Ele apenas move o rosto na sua direção e então se levanta, fica em pé, no mesmo lugar onde estava sentado, há pouco. Li está quase tão chocado com o que está vendo quanto Hisashi. Mas a diferença, é que Li já deveria estar acostumado a coisas assim, no entanto, ver Saiyame se comportar de uma maneira tão pouco humana é a pior forma de concretizar as suspeitas que chegou mesmo a comentar com Hisashi, um dia. É afinal, tudo muito pior do que a mais terrível de suas suspeitas.

"Eriol virá?" – Li não sabe porque pergunta isso. Os olhos escuros de Touya parecem brilhar, na penumbra amarela do salão. Frost está a seu lado, porém também está em pé. Curiosamente, ele mantém uma postura parecida com a de Saiyame. – "Quem é o menino que está com você?"

"Diga-me você. Não sei se Eriol virá. Ele nunca pareceu o tipo mais afeito a encerrar as cartas novamente num livro. Mas eu soube que ele esteve este último ano inteiro refazendo o que sobrou do livro de Sakura."

"..." – Hisashi aproxima-se de Li e toca-lhe o braço, tentando falar-lhe. Li olha para ele com desafio, diretamente nos olhos, e Hisashi então se sente atravessado por este olhar. – "Você já o viu uma vez, Hisashi. Reconhece-o?"

"..." – Faz que sim brevemente com a cabeça.

"E você, Saiyame?" – Li pergunta, aproximando-se. Hisashi começa a notar, curiosamente apenas agora, que Saiyame não apenas parece diferente, e sim, parece mais alto, também, ou pode ser apenas um reflexo da discreta arrogância de sua postura. . – "Quem é você? Diga-me quem é você, agora que não sei como, já posso dizer quem é o menino que veio com Touya."

"Eu fui aquele que matou a sua Sakura. Estranho você nunca ter me reconhecido. Você olhou nos meus olhos quando eu arranquei o coração dela. Você sempre olhava nos meus olhos, quando falava comigo."

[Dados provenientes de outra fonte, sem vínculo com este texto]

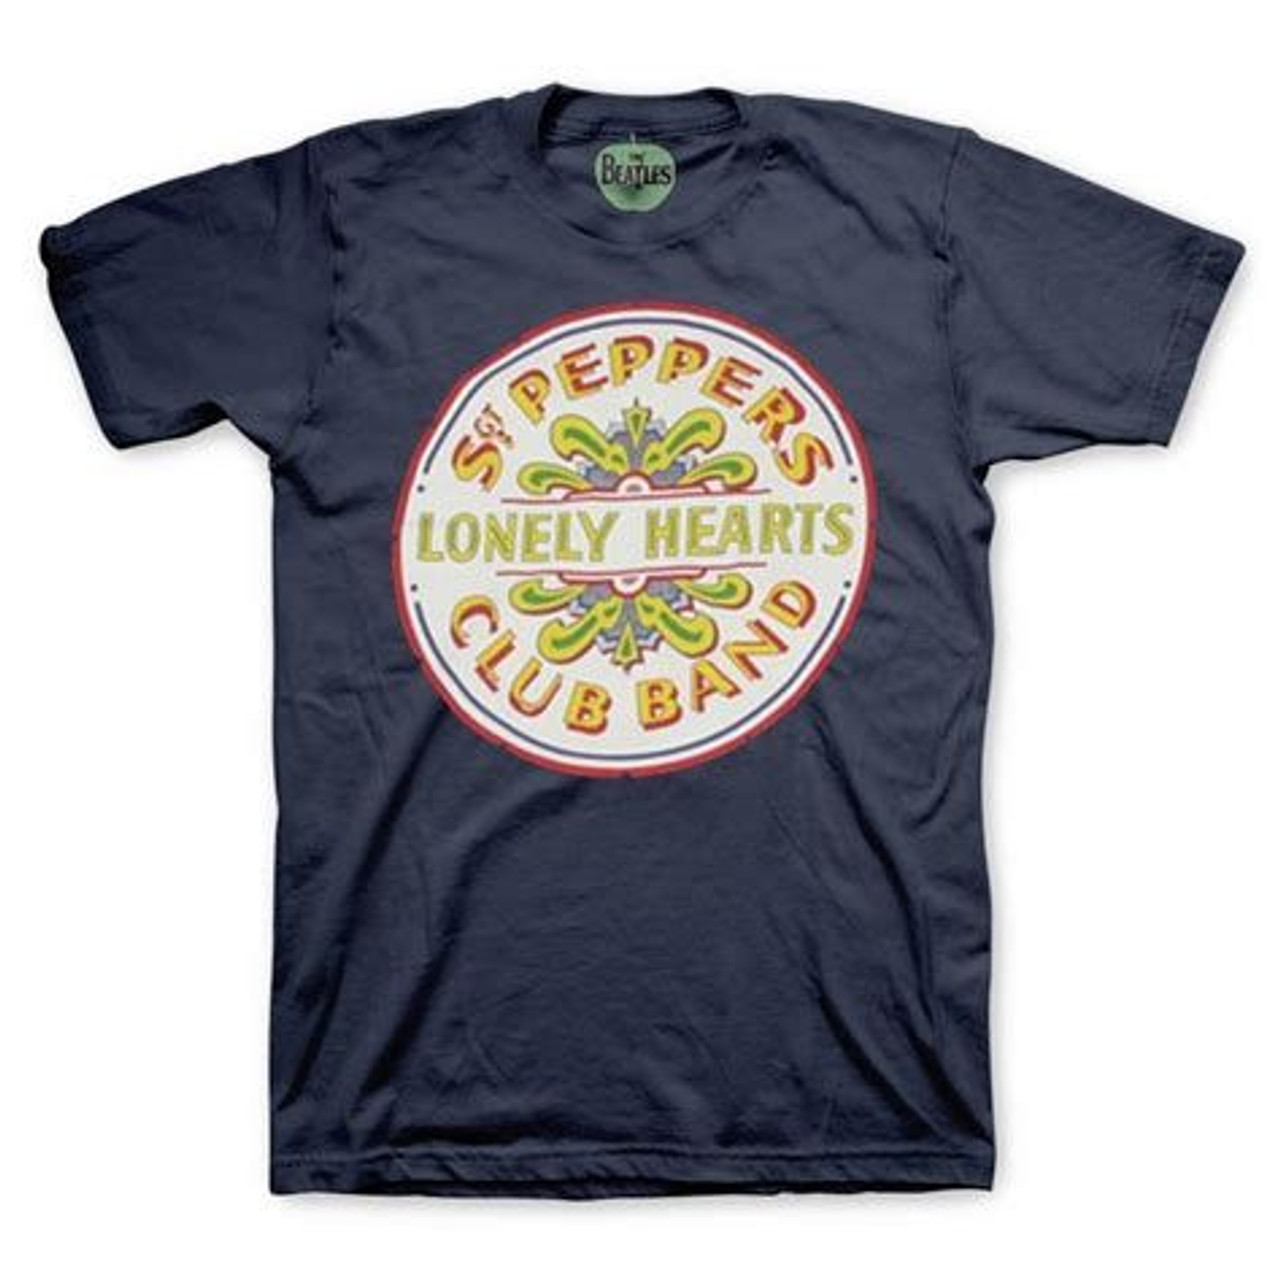 Beatles Seal | Vintage design Band T-shirt Tees Sgt. The Buy Peppers

No mesmo instante, como se tão somente esperasse algo que acendesse essa certeza, Li então ergue seu braço, tendo na mão um papel de encantamento. Ele não chega a dizer nada, com um único olhar de Saiyame, as chamas que surgiam daquela pequena faixa de papel de arroz se consomem no mesmo lugar. O que cai no chão então, são apenas cinzas.

"Meu Deus... Você esteve lá... O tempo todo." – Li vê as cinzas do papel se dissolverem entre seus dedos, ele sente seu encantamento se dissolver entre eles. Está tão assustado com o que acaba de descobrir que se arrepende com sinceridade de ter feito aquela pergunta. –"Não. Isso deve ser mentira... Veja só! Touya!" – Ele aponta para Saiyame, olhando com firmeza para Touya. – "Olhe para ele! Ele não é Cerberus! Cerberus era um leão! Ele jamais... Meu Deus... Não...!"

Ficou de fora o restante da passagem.